▶ _Work to be completed_: Within the entries below, find the portion that opens with the line containing "Bryonyandco flamingo cardigan" and closes with the line containing "[GAMES] Street Fighter". Retype that portion exactly and only.

▶ _Records_:
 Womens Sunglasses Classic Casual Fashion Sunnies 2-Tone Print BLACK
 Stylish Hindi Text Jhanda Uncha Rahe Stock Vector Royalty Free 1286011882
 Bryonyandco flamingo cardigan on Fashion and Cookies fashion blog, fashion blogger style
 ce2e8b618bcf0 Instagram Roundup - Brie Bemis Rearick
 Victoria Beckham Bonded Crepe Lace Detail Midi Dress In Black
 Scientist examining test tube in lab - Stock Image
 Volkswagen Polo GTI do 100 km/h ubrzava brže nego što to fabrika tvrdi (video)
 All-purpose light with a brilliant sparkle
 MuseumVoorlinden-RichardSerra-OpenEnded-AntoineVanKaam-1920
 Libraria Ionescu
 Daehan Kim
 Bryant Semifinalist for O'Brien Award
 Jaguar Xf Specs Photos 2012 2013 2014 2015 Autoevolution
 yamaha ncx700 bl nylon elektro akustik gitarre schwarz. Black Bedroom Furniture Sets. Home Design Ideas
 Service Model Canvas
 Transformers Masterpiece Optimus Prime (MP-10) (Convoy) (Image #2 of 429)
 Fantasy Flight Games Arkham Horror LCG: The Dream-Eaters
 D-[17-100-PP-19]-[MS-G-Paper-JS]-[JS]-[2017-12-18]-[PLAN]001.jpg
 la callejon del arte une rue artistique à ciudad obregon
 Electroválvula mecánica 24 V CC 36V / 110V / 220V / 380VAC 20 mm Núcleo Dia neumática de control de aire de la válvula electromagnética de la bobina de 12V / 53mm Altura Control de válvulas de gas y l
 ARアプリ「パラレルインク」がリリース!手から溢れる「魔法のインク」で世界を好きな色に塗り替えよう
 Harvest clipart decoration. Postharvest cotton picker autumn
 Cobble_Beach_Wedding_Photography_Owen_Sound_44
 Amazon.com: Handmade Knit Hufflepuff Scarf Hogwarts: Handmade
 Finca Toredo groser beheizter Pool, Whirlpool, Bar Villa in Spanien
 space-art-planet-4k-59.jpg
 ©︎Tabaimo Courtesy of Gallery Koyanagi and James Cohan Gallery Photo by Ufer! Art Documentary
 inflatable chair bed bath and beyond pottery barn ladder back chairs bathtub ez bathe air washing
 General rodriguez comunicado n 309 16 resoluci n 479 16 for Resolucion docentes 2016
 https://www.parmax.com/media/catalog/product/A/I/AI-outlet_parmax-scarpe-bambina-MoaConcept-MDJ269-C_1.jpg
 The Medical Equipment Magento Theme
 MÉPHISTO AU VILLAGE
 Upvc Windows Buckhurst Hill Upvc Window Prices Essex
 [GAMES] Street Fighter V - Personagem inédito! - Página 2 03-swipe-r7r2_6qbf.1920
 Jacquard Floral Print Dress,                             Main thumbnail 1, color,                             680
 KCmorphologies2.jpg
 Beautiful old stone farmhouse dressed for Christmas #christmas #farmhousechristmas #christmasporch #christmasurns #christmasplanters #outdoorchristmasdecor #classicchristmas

▶ _Solution below_:
 Bryonyandco flamingo cardigan on Fashion and Cookies fashion blog, fashion blogger style
 ce2e8b618bcf0 Instagram Roundup - Brie Bemis Rearick
 Victoria Beckham Bonded Crepe Lace Detail Midi Dress In Black
 Scientist examining test tube in lab - Stock Image
 Volkswagen Polo GTI do 100 km/h ubrzava brže nego što to fabrika tvrdi (video)
 All-purpose light with a brilliant sparkle
 MuseumVoorlinden-RichardSerra-OpenEnded-AntoineVanKaam-1920
 Libraria Ionescu
 Daehan Kim
 Bryant Semifinalist for O'Brien Award
 Jaguar Xf Specs Photos 2012 2013 2014 2015 Autoevolution
 yamaha ncx700 bl nylon elektro akustik gitarre schwarz. Black Bedroom Furniture Sets. Home Design Ideas
 Service Model Canvas
 Transformers Masterpiece Optimus Prime (MP-10) (Convoy) (Image #2 of 429)
 Fantasy Flight Games Arkham Horror LCG: The Dream-Eaters
 D-[17-100-PP-19]-[MS-G-Paper-JS]-[JS]-[2017-12-18]-[PLAN]001.jpg
 la callejon del arte une rue artistique à ciudad obregon
 Electroválvula mecánica 24 V CC 36V / 110V / 220V / 380VAC 20 mm Núcleo Dia neumática de control de aire de la válvula electromagnética de la bobina de 12V / 53mm Altura Control de válvulas de gas y l
 ARアプリ「パラレルインク」がリリース!手から溢れる「魔法のインク」で世界を好きな色に塗り替えよう
 Harvest clipart decoration. Postharvest cotton picker autumn
 Cobble_Beach_Wedding_Photography_Owen_Sound_44
 Amazon.com: Handmade Knit Hufflepuff Scarf Hogwarts: Handmade
 Finca Toredo groser beheizter Pool, Whirlpool, Bar Villa in Spanien
 space-art-planet-4k-59.jpg
 ©︎Tabaimo Courtesy of Gallery Koyanagi and James Cohan Gallery Photo by Ufer! Art Documentary
 inflatable chair bed bath and beyond pottery barn ladder back chairs bathtub ez bathe air washing
 General rodriguez comunicado n 309 16 resoluci n 479 16 for Resolucion docentes 2016
 https://www.parmax.com/media/catalog/product/A/I/AI-outlet_parmax-scarpe-bambina-MoaConcept-MDJ269-C_1.jpg
 The Medical Equipment Magento Theme
 MÉPHISTO AU VILLAGE
 Upvc Windows Buckhurst Hill Upvc Window Prices Essex
 [GAMES] Street Fighter V - Personagem inédito! - Página 2 03-swipe-r7r2_6qbf.1920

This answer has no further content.